Learning to Forget: Bayesian Time Series Forecasting using Recurrent Sparse Spectrum Signature Gaussian Processes

The signature kernel is a kernel between time series of arbitrary length and comes with strong theoretical guarantees from stochastic analysis. It has found applications in machine learning such as covariance functions for Gaussian processes. A strength of the underlying signature features is that they provide a structured global description of a time series. However, this property can quickly become a curse when local information is essential and forgetting is required; so far this has only been addressed with ad-hoc methods such as slicing the time series into subsegments. To overcome this, we propose a principled, data-driven approach by introducing a novel forgetting mechanism for signatures. This allows the model to dynamically adapt its context length to focus on more recent information. To achieve this, we revisit the recently introduced Random Fourier Signature Features, and develop Random Fourier Decayed Signature Features (RFDSF) with Gaussian processes (GPs).

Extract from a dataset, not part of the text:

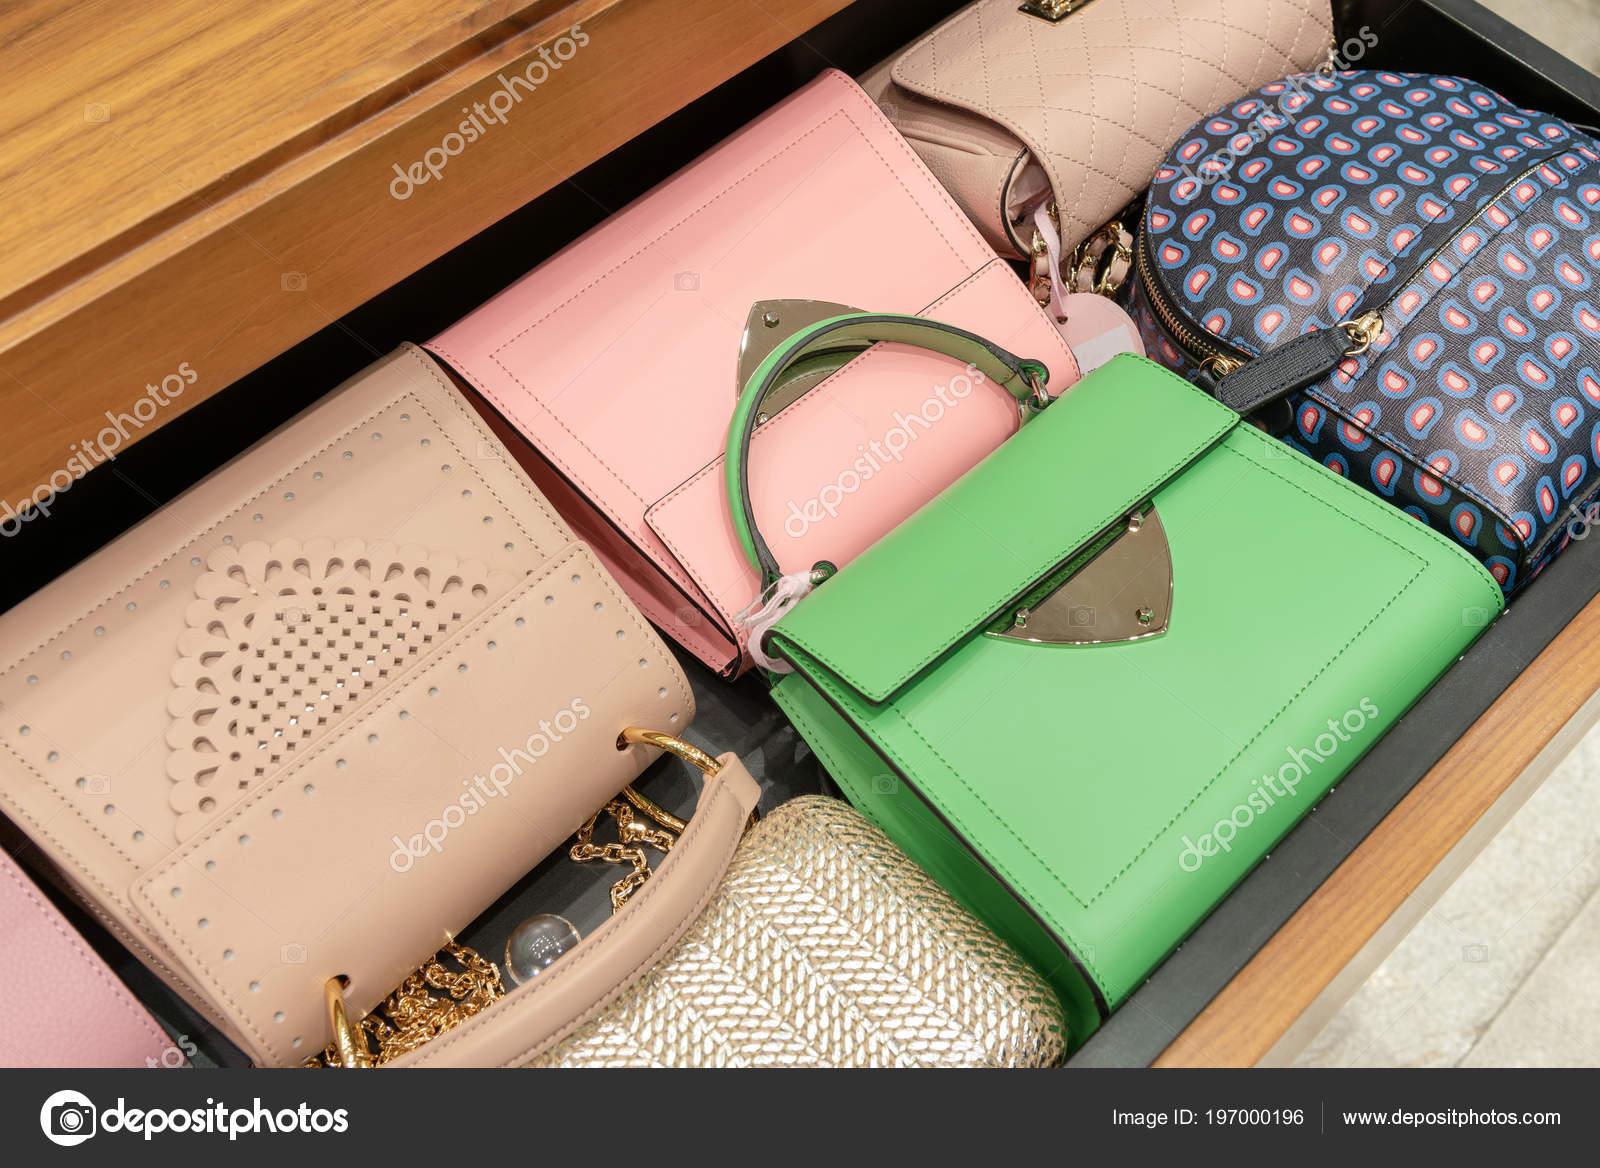 555bdefa5b Μοντέρνες γυναικείες τσάντες στο κατάστημα. Γυναίκα τσάντα σε μια βιτρίνα  ενός καταστήματος πολυτελείας — Εικόνα από ...
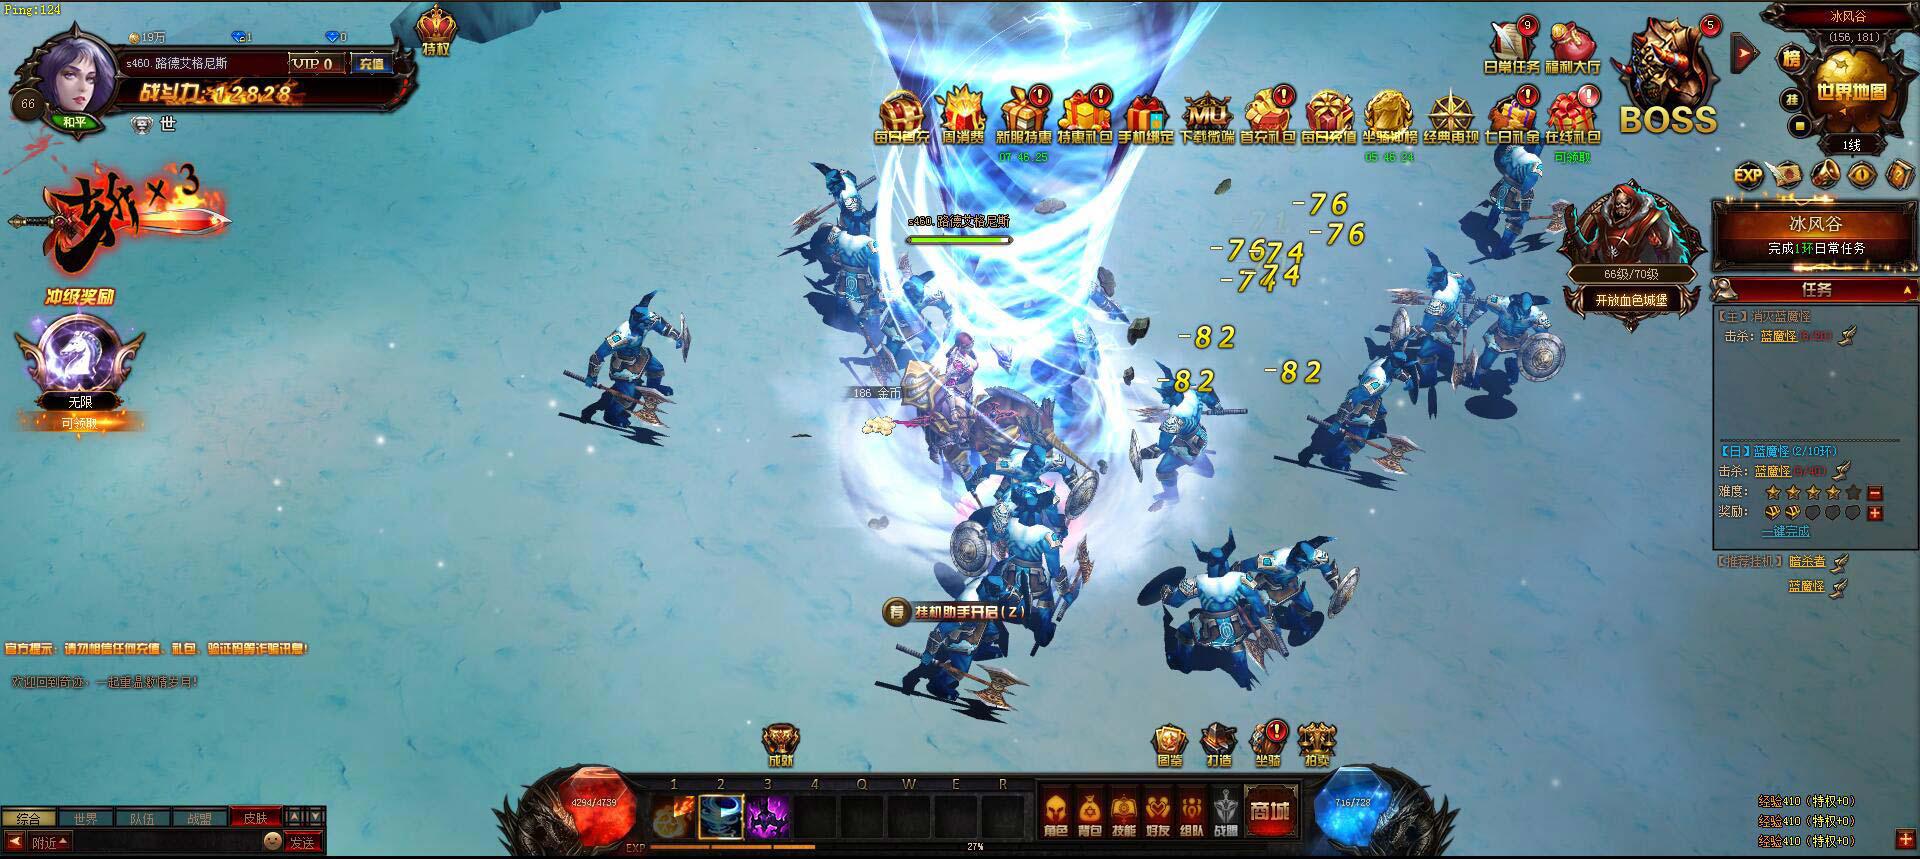 圣枪天使游戏截图2

This results in a Bayesian time series forecasting algorithm with variational inference, that offers a scalable probabilistic algorithm that processes and transforms a time series into a joint predictive distribution over time steps in one pass using recurrence. For example, processing a sequence of length $10^4$ steps in $\approx 10^{-2}$ seconds and in $< 1\text{GB}$ of GPU memory. We demonstrate that it outperforms other GP-based alternatives and competes with state-of-the-art probabilistic time series forecasting algorithms.